> [What you have to do] Exactly the lines from the one containing "El Lehendakari Iñigo" through the end of the data, and nothing more, should be retyped; pictures stay out.

> [Supplied information]
..............................
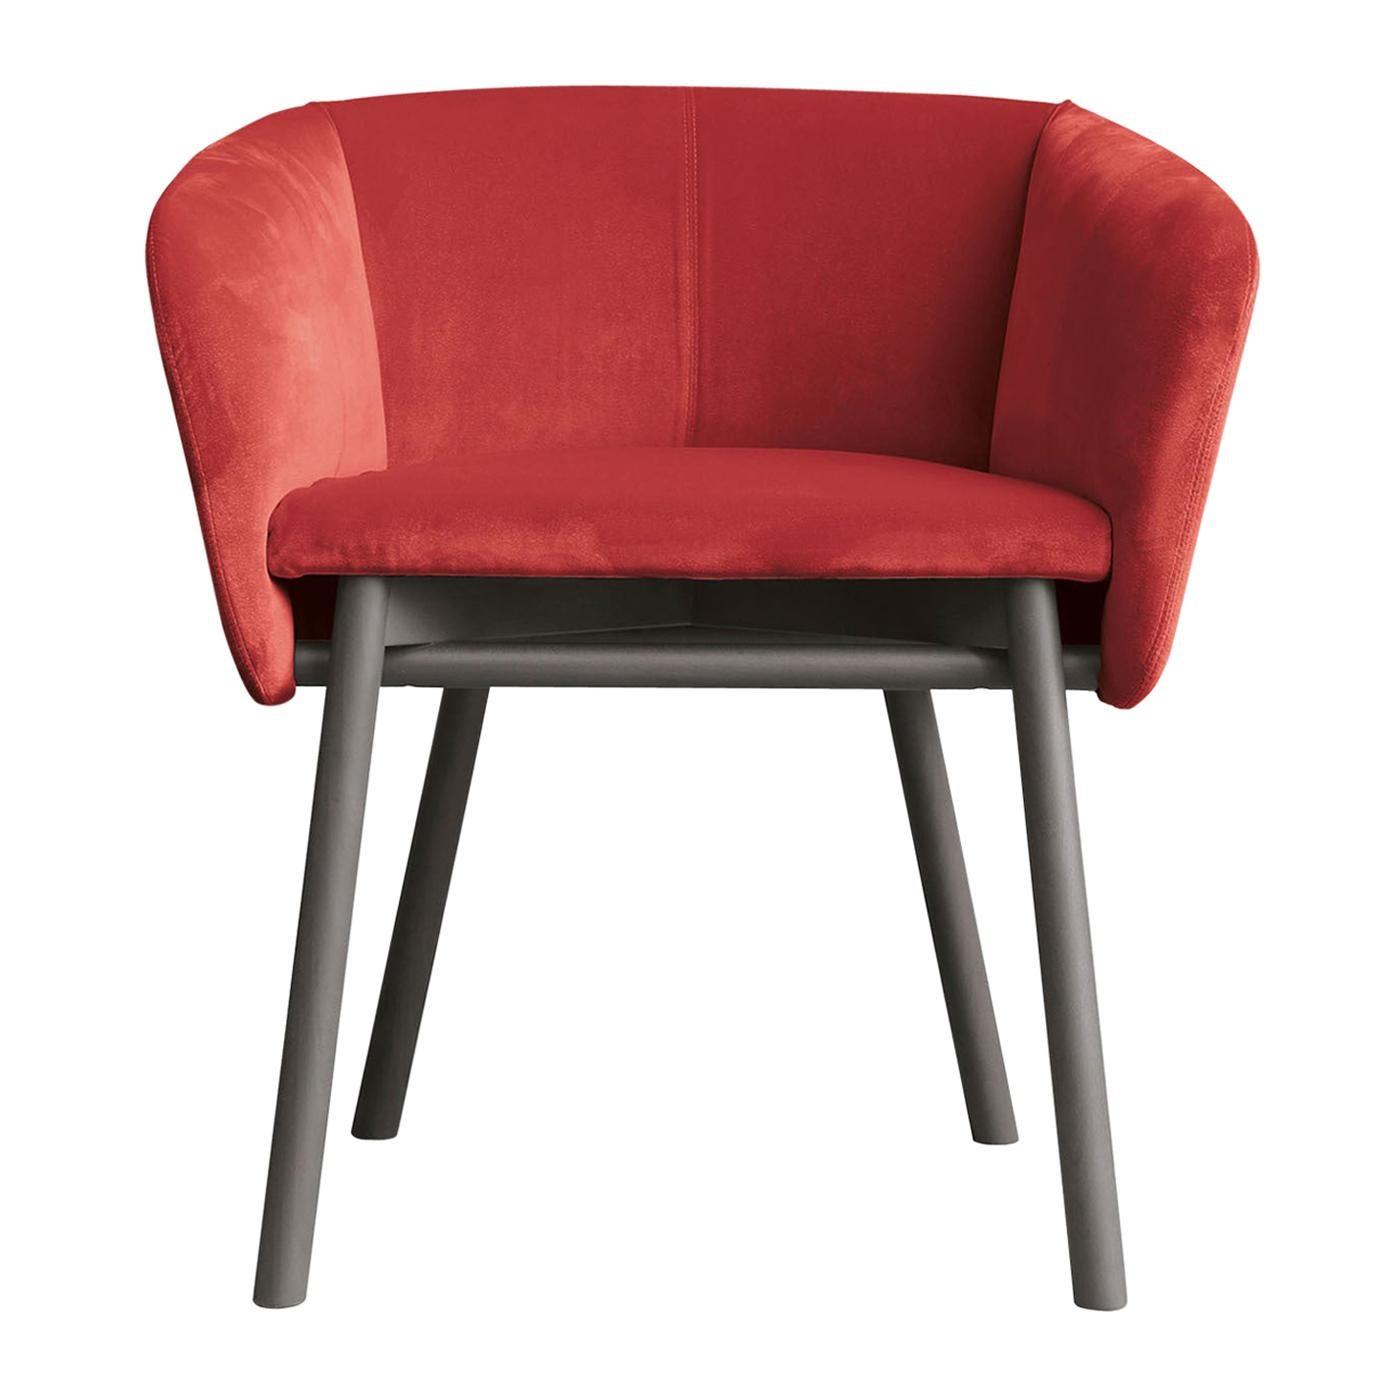 Balù Red Chair by Emilio Nanni
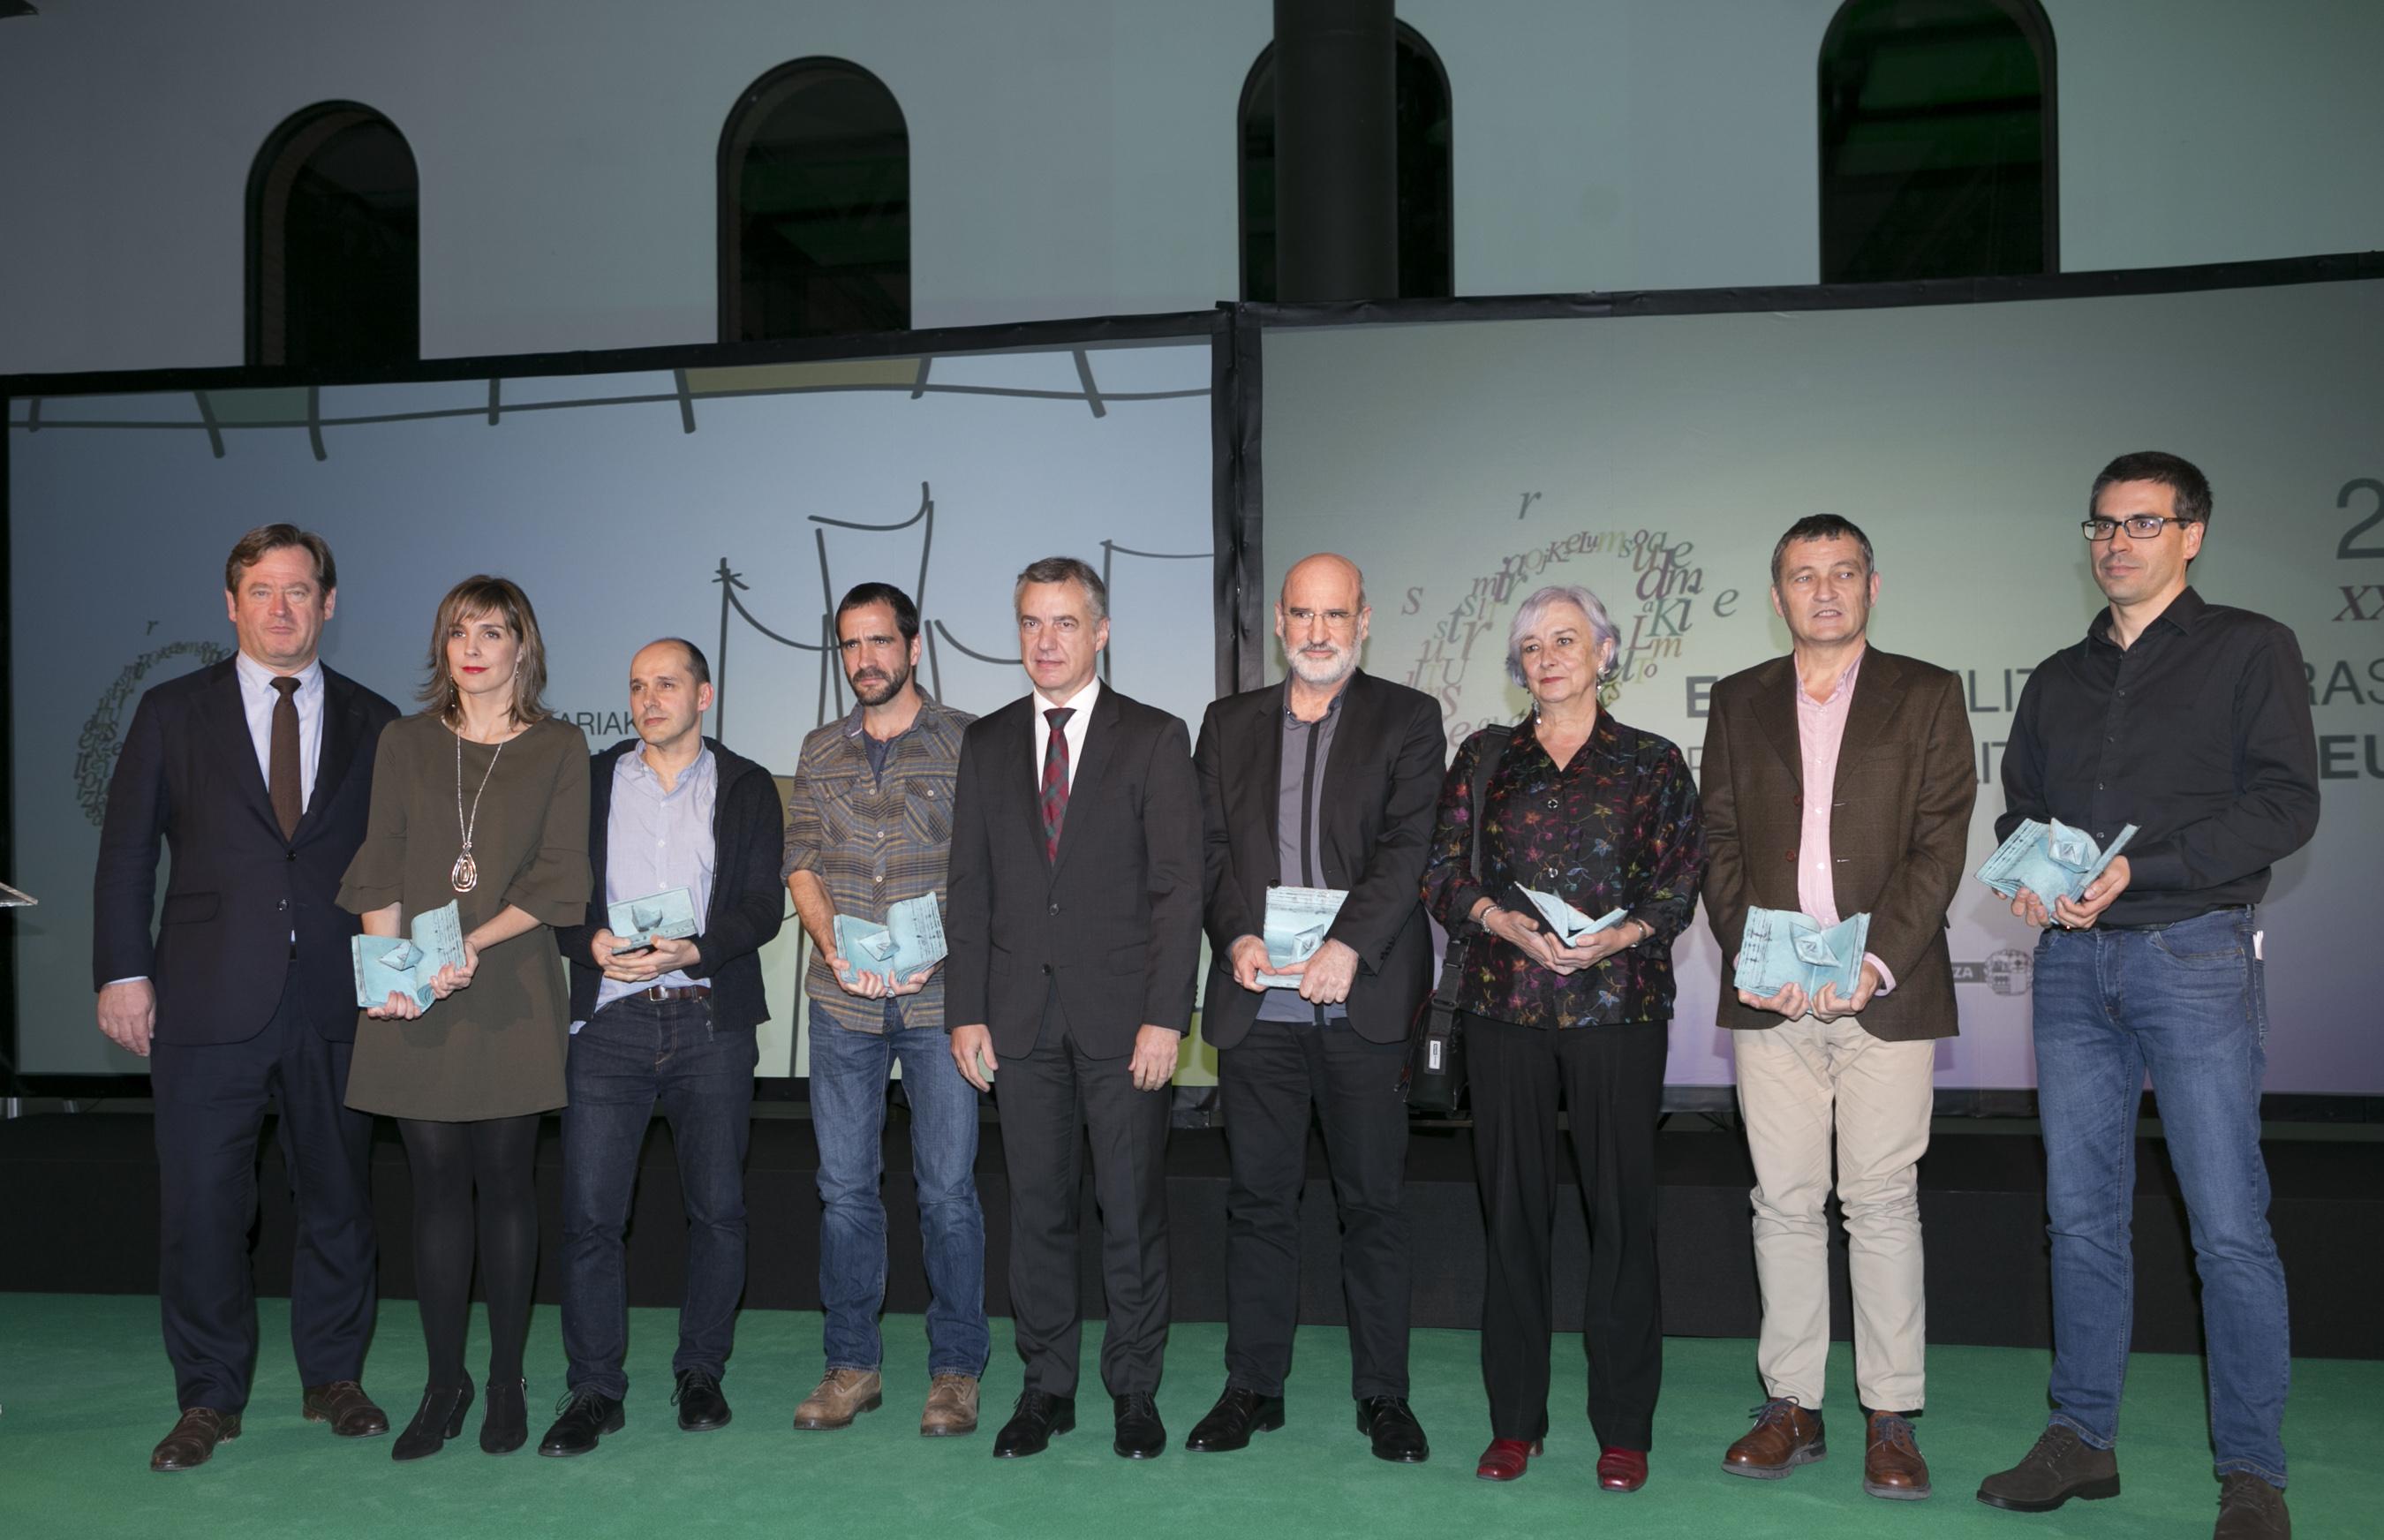 El Lehendakari Iñigo Urkullu ha presidido la gala de entrega de los Premios Euskadi de Literatura de este año
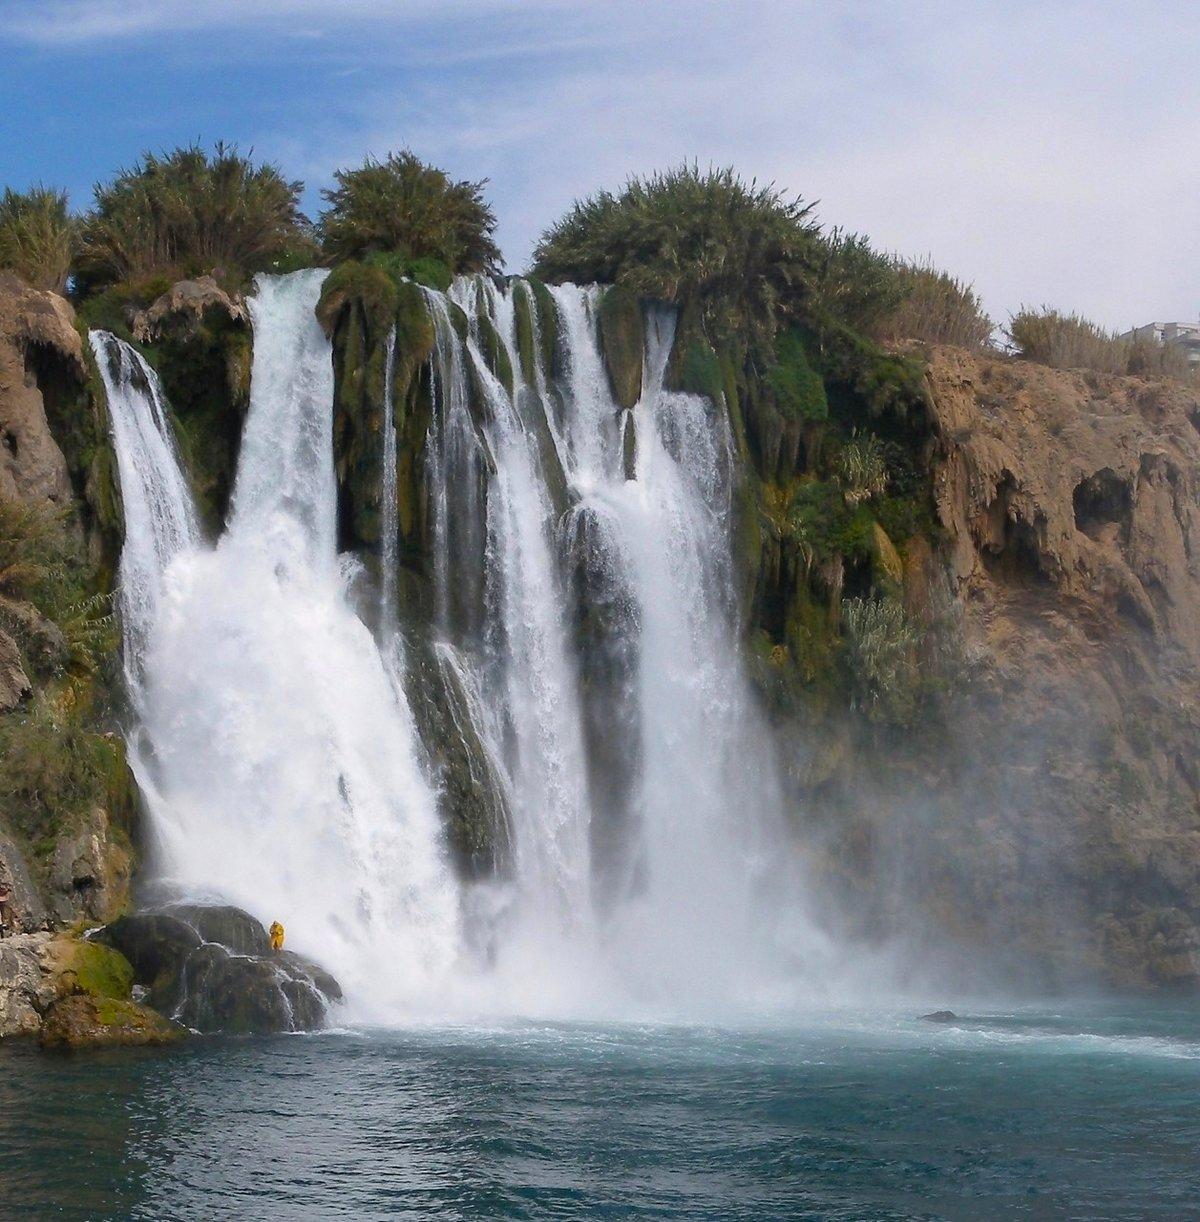 нужном приложении, водопад дюден фото окончательно убедиться
..............................
> [Result of the exercise]
 El Lehendakari Iñigo Urkullu ha presidido la gala de entrega de los Premios Euskadi de Literatura de este año
 нужном приложении, водопад дюден фото окончательно убедиться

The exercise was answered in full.